This is hugely powerful in concurrent programming because there’s all kinds of problems that you can run into with shared collections across multiple threads in your concurrent code, where you either have to do a lot of locking to make sure that one thread doesn’t modify it while another thread is using it, or you can end up just running into these weird race conditions that cause runtime errors. With this pattern, any thread, once it grabs a reference to this collection, you know that that collection’s not going to change while you’re consuming it. After it’s done with it, it can go grab a new reference to the collection, which might have been updated somewhere else, but again, that one will be immutable, and we don’t have to worry about it being modified from underneath this either. Clojure and Scala have these kinds of collections built right into their standard library, but every other programming language that I’ve looked into has great libraries available on GitHub for this, and they’re usually pretty well-consumed and battle-tested.
Errors as Return Types – Simple, Predictable Control Flows
Now we’re going to move on to errors as return types. This one has mostly to do with control flow. When I’m talking about this one, I like to reflect on the history of Java and how at the beginning of Java, it was really common for us to have these checked exceptions versus unchecked exceptions. Method signatures would be really weird depending on whether they’re using checked or unchecked exceptions. These are trying to do exactly what I’m advocating for in this talk. They were trying to give us compile time safety to make sure that we were handling these errors that might happen.
In practice, we just collectively decided we did not like the ergonomics of how it was implemented and we drifted away from it over time. I think one of the funniest examples of that evolution is in the standard library of Java itself, the basic URI class that you use for everything that has to do with networks. It throws a checked exception called URISyntaxException whenever you call its constructor, which means you literally cannot construct one of these objects without the compiler forcing you to put this try-catch there, or without you changing your method signature to advertise that you’re going to rethrow that.
Then everybody else who’s calling your function now has to deal with the same problem.
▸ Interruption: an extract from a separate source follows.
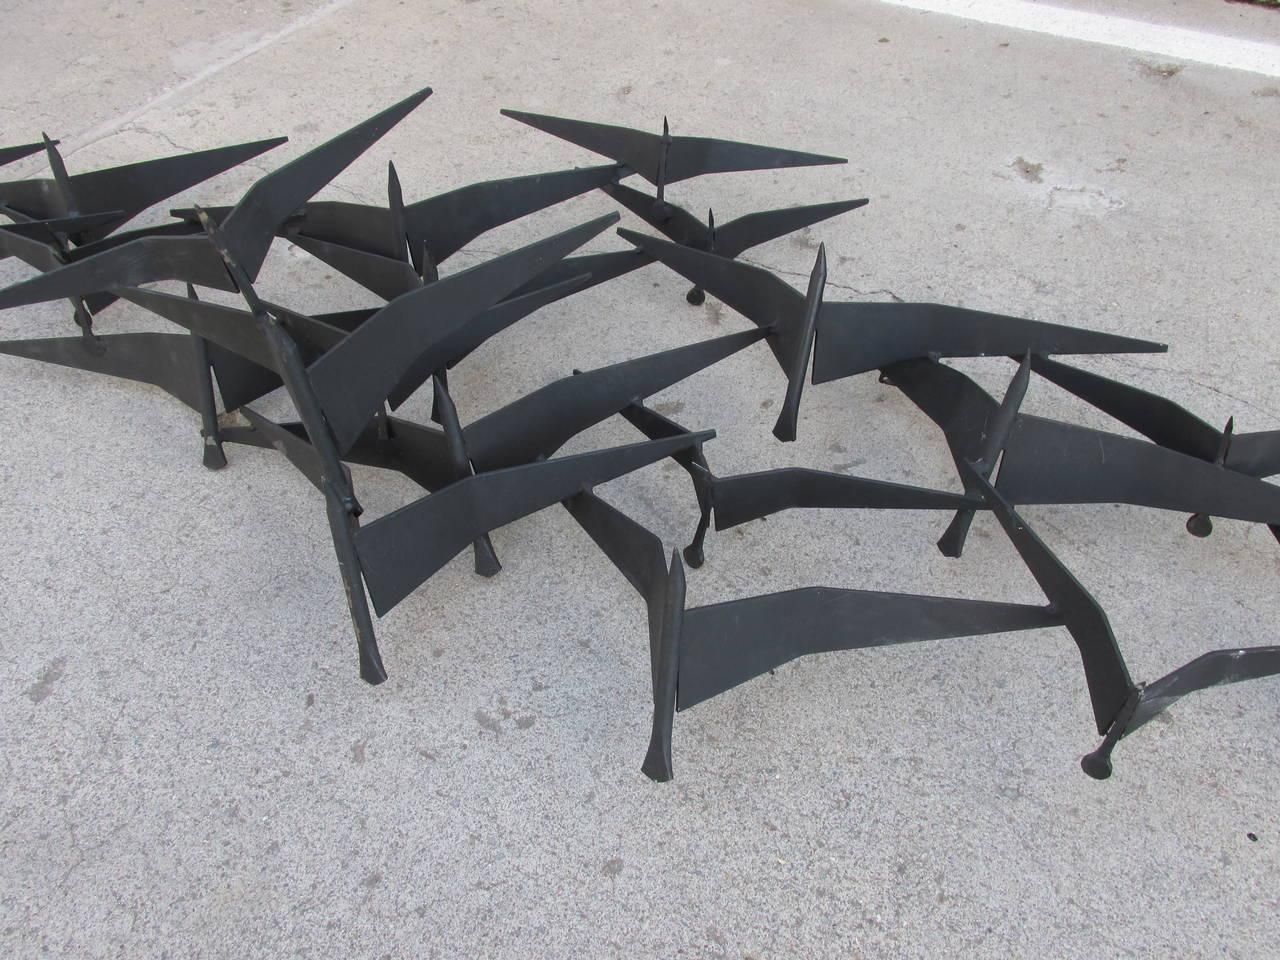 Birds In Flight Metal Wall Artcurtis Jere At 1stdibs With Regard To Metal Wall Art Birds In Flight (View 4 of 20)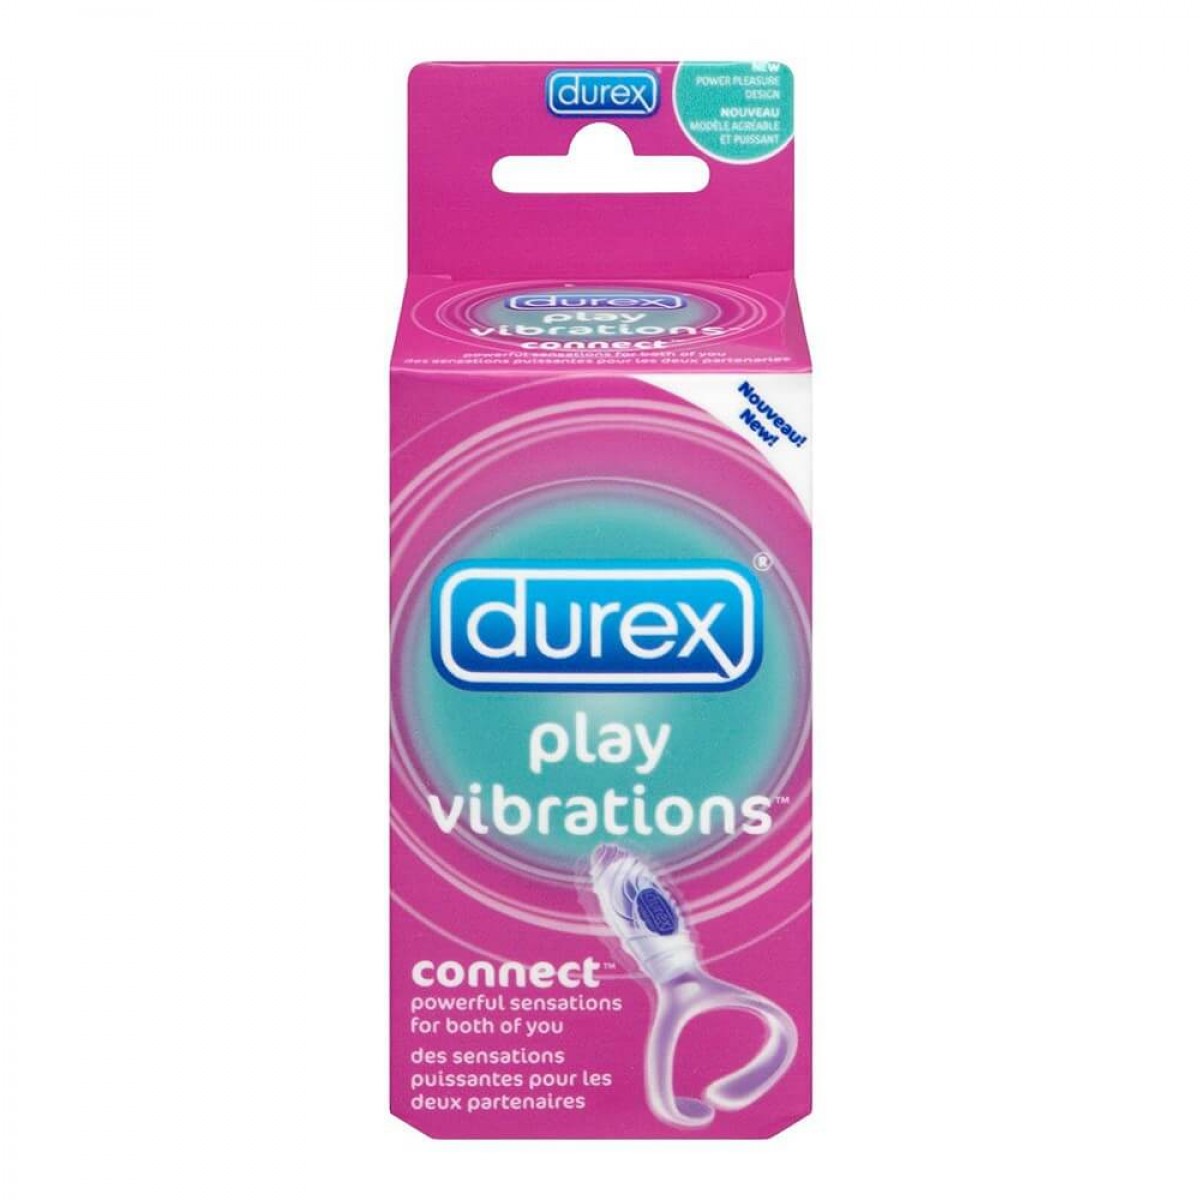 Sex Toys 1hr Delivery Durex Connect Ring And Condom Adult Store Open Late

Everybody hated that because the odds that we were going to actually pass something in there that would cause one of these exceptions were really low and drove people crazy. A couple releases later in Java, they added this static factory function called create that literally all it does is call the constructor and then catch the exception and rethrow it as a runtime exception. They put that into the standard library. That was an interesting trend to observe. Likewise, all of the JVM languages that have appeared in the last 10, 15 years, Kotlin, Scala, Clojure, they’ve all basically gotten rid of these checked exceptions in favor of runtime exceptions. That means now all of our errors are runtime errors. That again is really against the grain of what I’m pitching in this talk. It means now we have to go read the docs or the code for every function we’re calling and make sure we know what kinds of exceptions it could be throwing, and handle them successfully. We’re back here, good intentions.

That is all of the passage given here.